Applied Content Standards
Standard 12: The geographically informed person knows and understands the processes, patterns, and functions of human settlements.
Standard 13: The geographically informed person knows and understands how the forces of cooperation and conflict among people influence the division and control of Earth's surface.
Standard 15: The geographically informed person knows and understands how physical systems affect human systems.
Standard 16: The geographically informed person knows and understands the changes that occur in the meaning, use, distribution, and importance of resources.
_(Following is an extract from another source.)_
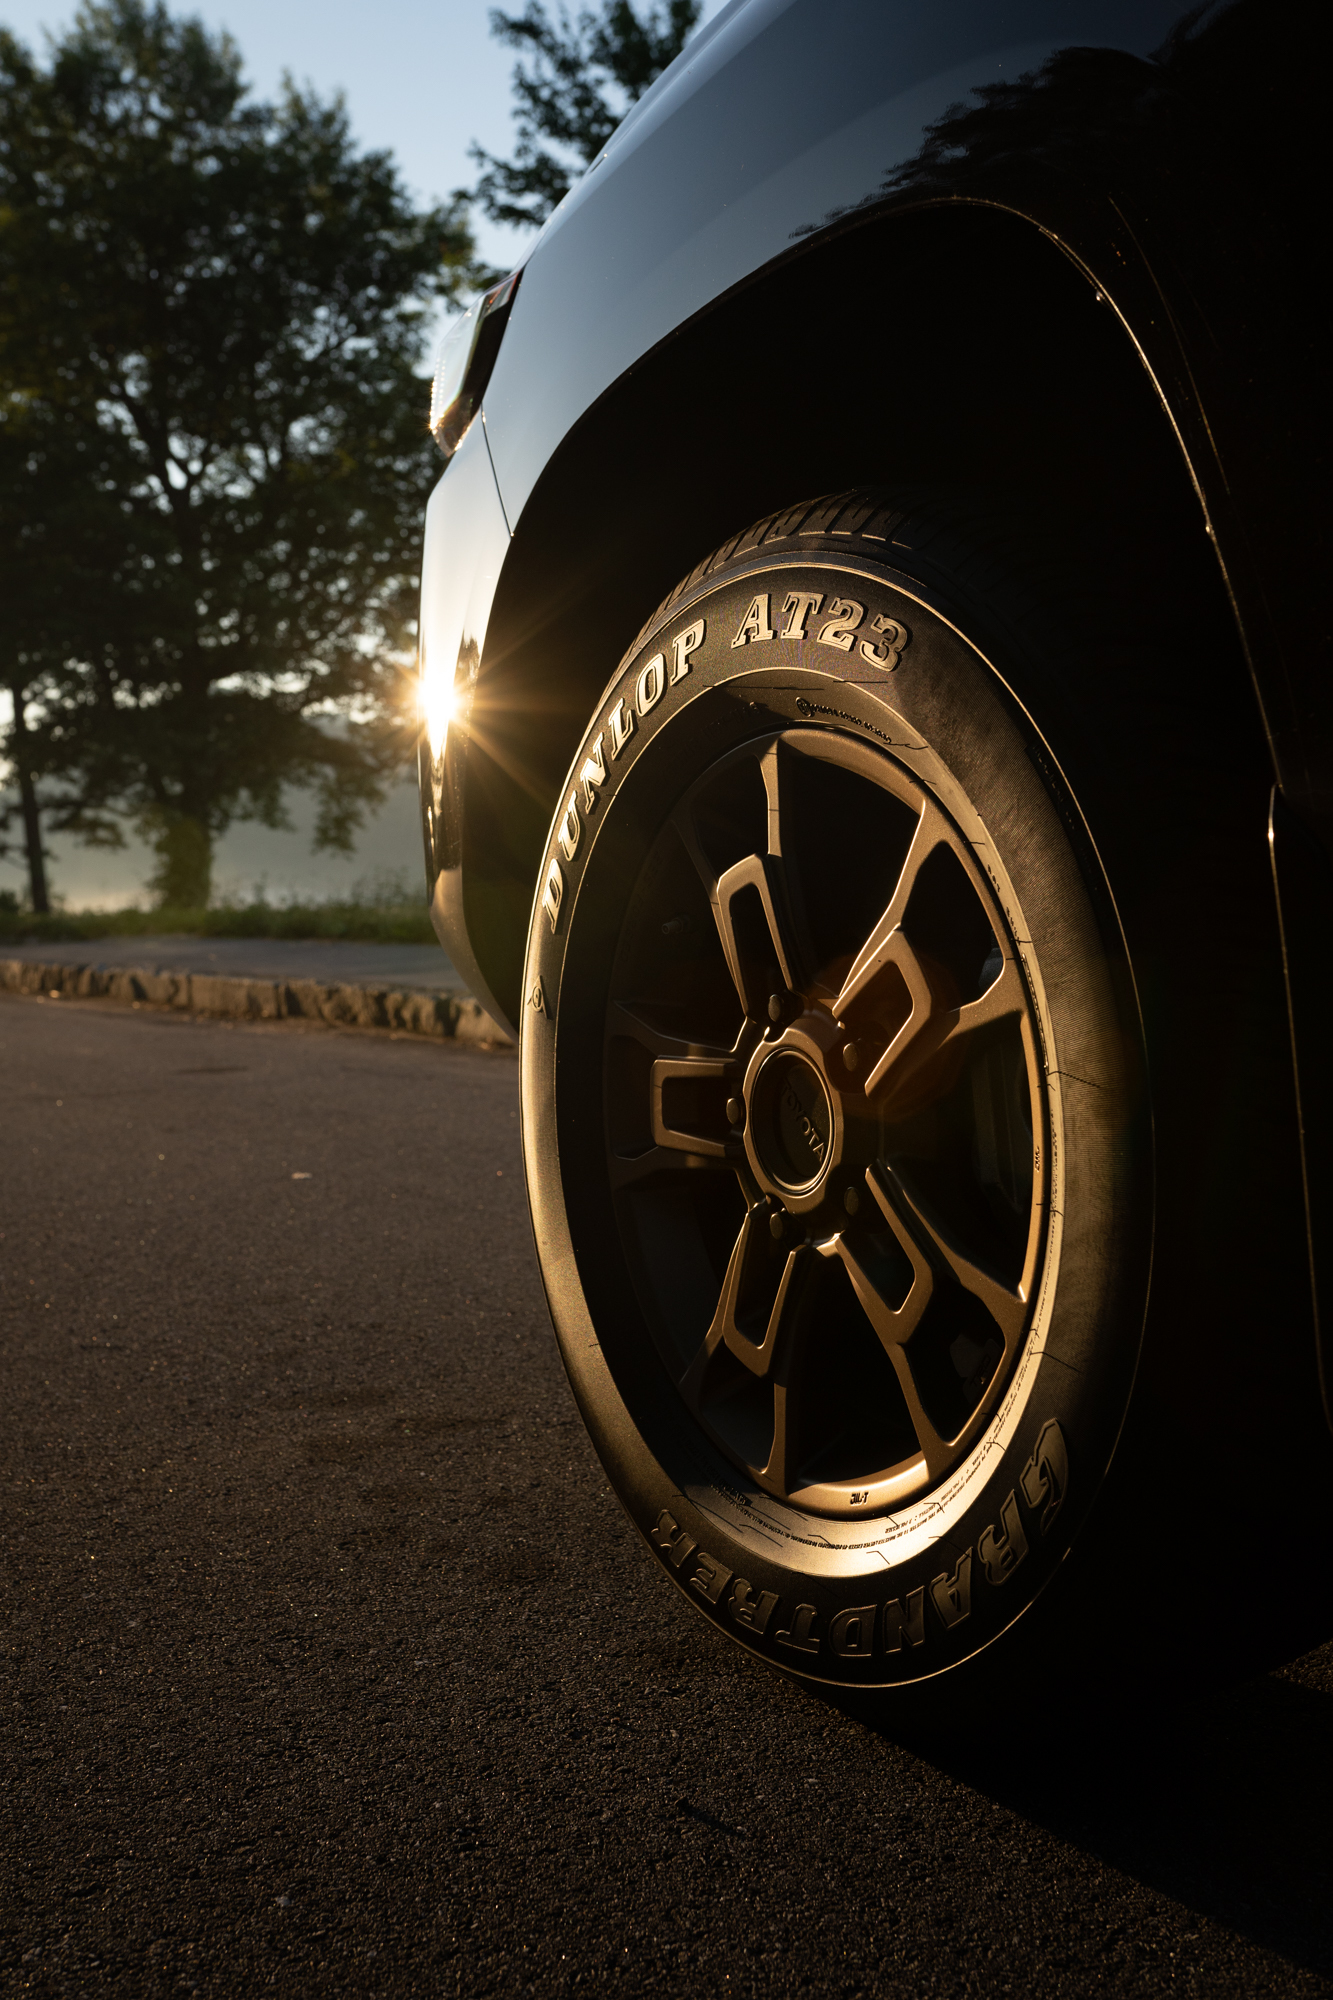 Toyota Land Cruiser Wheel and Tire

Student Web Activity Answers

  1. OPEC is an international organization of 11 countries that are heavily reliant on oil revenues as their main source of income. The 11 members are Algeria, Indonesia, Iran, Iraq, Kuwait, Libya, Nigeria, Qatar, Saudi Arabia, the United Arab Emirates, and Venezuela.
  2. OPEC's objective is to coordinate and unify petroleum policies among member countries in order to secure fair and stable prices for petroleum producers; an efficient, economic, and regular supply of petroleum to consuming nations; and a fair return on capital to those investing in the industry.
  3. Crude oil is a naturally-occurring substance found trapped in certain rocks below the earth's surface. It is a dark, sticky liquid which, scientifically, is classed as a hydrocarbon—meaning it is a compound containing only hydrogen and carbon. Crude oil is highly flammable and can be burned to create energy. However, to extract the maximum value from crude oil, it must be refined into other products.
  4. World reserves stood at 1,042,536 million barrels; world demand was about 76 million barrels per day. At this rate, the oil will last about 38 years. (1,042,536 million barrels in reserve / 76 million barrels consumed per day = 13,718 days worth of oil left; 13,718 days / 365 days in a year = ~38 years worth of oil left.)
  5. Students' essays and opinions will vary.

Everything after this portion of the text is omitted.